Roveccio’s recommendations resulted in losses for the customers and gains for Roveccio. Roveccio allegedly also lied to his customers about the potential for the accounts to profit. The complaint also alleges that Roveccio engaged in unauthorized trading and churning.

The final judgment orders Roveccio to pay $324,614 total, which includes disgorgement, prejudgment interest and a civil penalty. Separately, the SEC instituted settled administrative proceedings against Roveccio in which, without admitting or denying the findings, Roveccio consented to a Commission order barring him from the securities industry and penny stock trading.

SEC Charges Two Internal Auditors With Repeated Insider Trading

The Securities and Exchange Commission filed insider trading charges against two internal auditors who repeatedly traded and tipped on confidential information that they obtained through their respective employers.

The SEC’s complaint alleges that Lloyd Schuman learned that his employer Verso Corp. had confidential plans to acquire privately-held NewPage Holdings Inc. According to the SEC’s Complaint, Schuman purchased Verso shares before Verso publicly announced the acquisition.

Schuman also allegedly tipped a relative, who also purchased Verso shares before the public announcement. Immediately after the announcement, Schuman sold all of his Verso shares realizing more than $107,000 in profits. Schuman’s relative also sold his Verso shares, realizing more than $2,500 in profits.

The SEC further alleges that Schuman also engaged in insider trading based on tips that he received from his close friend, Dane Janes, who worked for Ashford Hospitality Trust.

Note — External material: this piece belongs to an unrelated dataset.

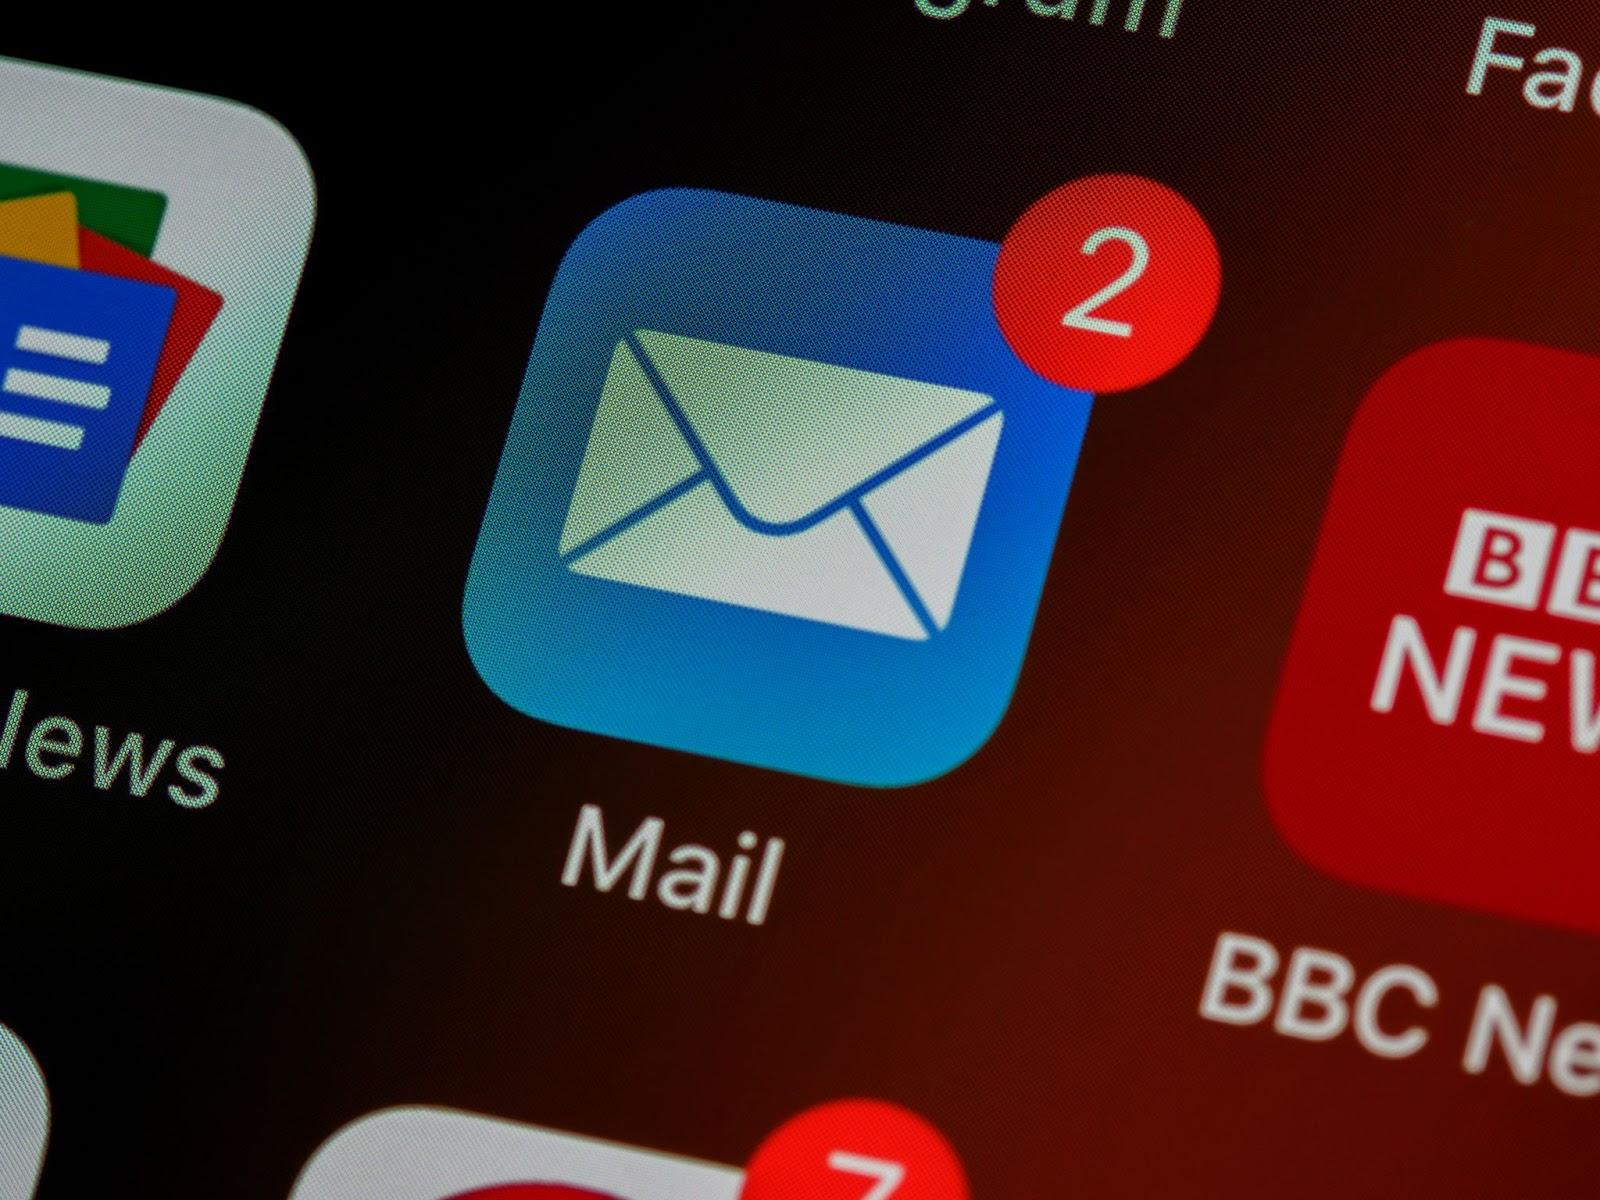 Halte deine E-Mails so kurz wie möglich und in der einfachsten Sprache, die möglich ist.

Janes allegedly obtained confidential information through his employer about Ashford Hospitality Trust and Ashford Hospitality Prime, including plans to issue more shares and a quarterly earnings release.

According to the SEC’s complaint, Janes tipped Schuman with this information before it became public. Schuman allegedly traded based on Janes’s tips, avoiding $10,478 in losses and realizing profits of $4,672.

Without admitting or denying the allegations in the SEC’s complaint, Schuman and Janes have consented to a final judgment. The final judgment orders Schuman to pay $122,574 in disgorgement, $21,341 in prejudgment interest, and a civil penalty of $125,134. The final judgment further orders Janes to pay a civil penalty of $15,150.